In Bayesian inference for the categorical distribution, the Dirichlet distribution serves as the conjugate prior for the probability parameter vector \boldsymbol{\theta} = (\theta_1, \dots, \theta_K). The prior is denoted \boldsymbol{\theta} \sim \text{Dir}(\boldsymbol{\alpha}), where \boldsymbol{\alpha} = (\alpha_1, \dots, \alpha_K) with each \alpha_k > 0, and its density is proportional to \prod_{k=1}^K \theta_k^{\alpha_k - 1} over the (K-1)-simplex \sum_{k=1}^K \theta_k = 1, \theta_k \geq 0.^[21] The hyperparameters \alpha_k represent pseudo-counts, akin to prior observations for category k, with the total prior strength given by \sum_{k=1}^K \alpha_k. A uniform prior on the simplex arises when \alpha_k = 1 for all k, equivalent to \text{Dir}(1, \dots, 1).^[22] For a dataset consisting of N independent draws from the categorical distribution, let n_k denote the observed count for category k, so \sum_{k=1}^K n_k = N; the resulting likelihood takes a multinomial form. The posterior distribution is then \boldsymbol{\theta} \mid \mathbf{n} \sim \text{Dir}(\boldsymbol{\alpha} + \mathbf{n}), with updated parameters \alpha_k' = \alpha_k + n_k for each k.^[21] This conjugacy follows directly from the product of the prior density and likelihood, which is proportional to \prod_{k=1}^K \theta_k^{\alpha_k + n_k - 1} and thus shares the Dirichlet kernel form after normalization.^[23] The maximum a posteriori (MAP) estimate, obtained as the mode of the posterior (assuming \alpha_k + n_k > 1), is \theta_{\text{MAP},k} = \frac{\alpha_k + n_k - 1}{\sum_{j=1}^K (\alpha_j + n_j) - K}; this yields an add-one smoothing adjustment to the counts.^[22] As an illustration, for K=3 categories with uniform prior \boldsymbol{\alpha} = (1,1,1) and counts \mathbf{n} = (2,1,0), the posterior is \text{[Dir](/page/Dir)}(3,2,1).^[22] In the limit as \boldsymbol{\alpha} \to \mathbf{0}, the MAP estimate coincides with the maximum likelihood estimate.^[21]

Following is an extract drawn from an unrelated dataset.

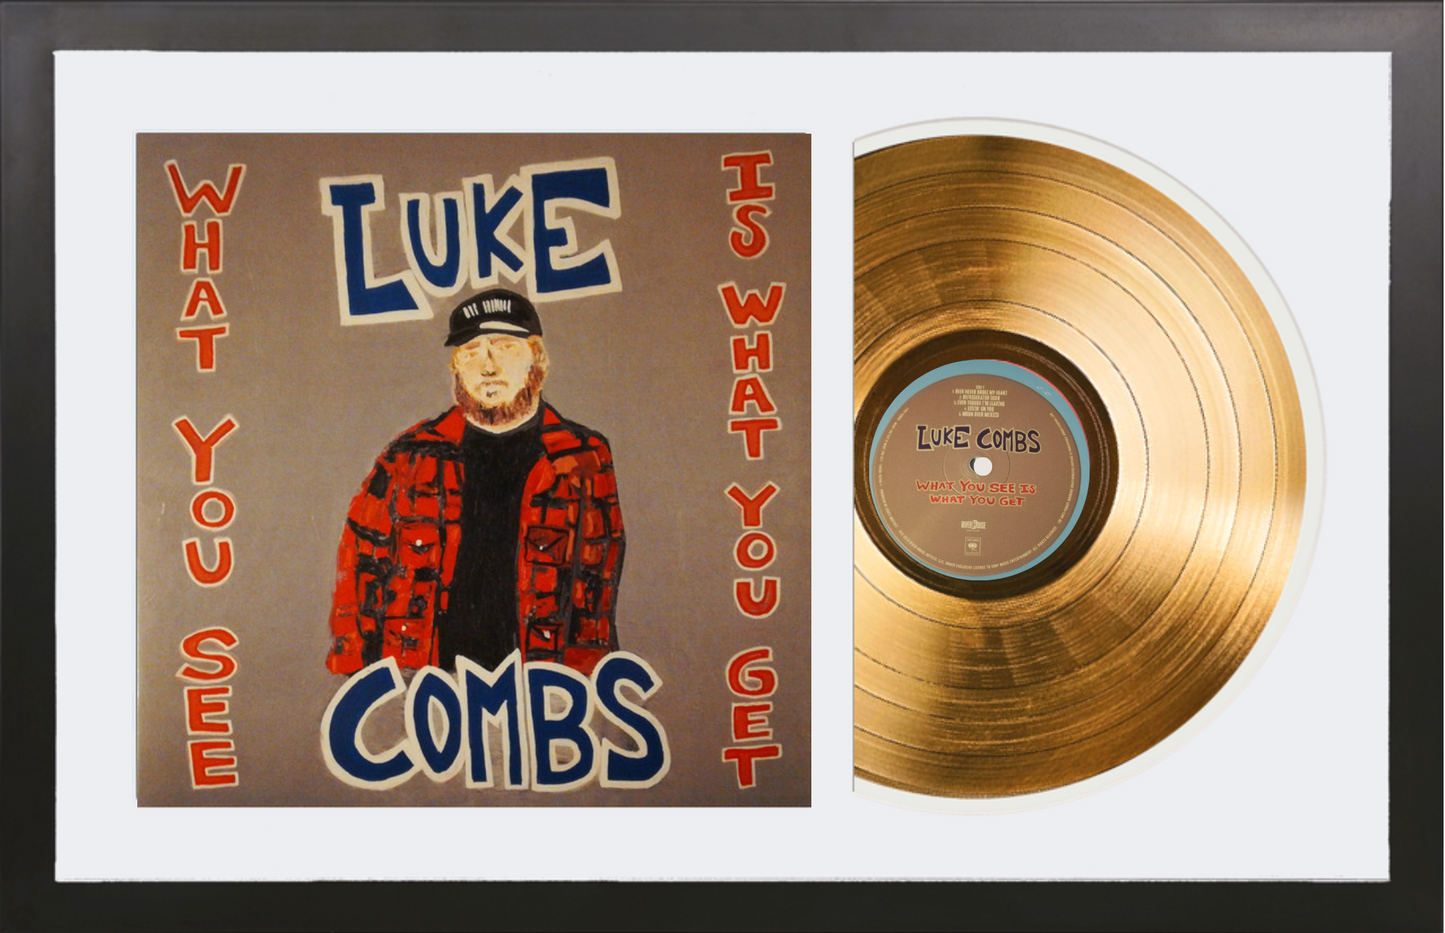 Luke Combs - What You See is What You Get - 14K Gold Framed Album

Predictive and Marginal Distributions

In Bayesian inference for the categorical distribution with a Dirichlet prior, the marginal likelihood represents the probability of the observed data integrated over the prior distribution on the parameters θ. This is given by

p(\mathbf{x} \mid \boldsymbol{\alpha}) = \int p(\mathbf{x} \mid \boldsymbol{\theta}) p(\boldsymbol{\theta} \mid \boldsymbol{\alpha}) \, d\boldsymbol{\theta} = \frac{ \prod_k n_k ! }{ n! } \frac{ B(\boldsymbol{\alpha} + \mathbf{n}) }{ B(\boldsymbol{\alpha}) },

where \mathbf{x} denotes a sample of n independent categorical observations with counts \mathbf{n} = (n_1, \dots, n_K) for each category k = 1, \dots, K, \boldsymbol{\alpha} = (\alpha_1, \dots, \alpha_K) are the prior parameters, and B(\cdot) is the multivariate beta function defined as B(\boldsymbol{\alpha}) = \prod_k \Gamma(\alpha_k) / \Gamma(\sum_k \alpha_k).^[22] The posterior predictive distribution provides the probability of a new observation x^* given the data and prior, obtained by integrating over the posterior distribution of θ, which is Dirichlet(\boldsymbol{\alpha} + \mathbf{n}). This yields a categorical distribution with updated parameters:

P(x^* = k \mid \mathbf{x}, \boldsymbol{\alpha}) = \frac{ \alpha_k + n_k }{ \sum_j \alpha_j + n }.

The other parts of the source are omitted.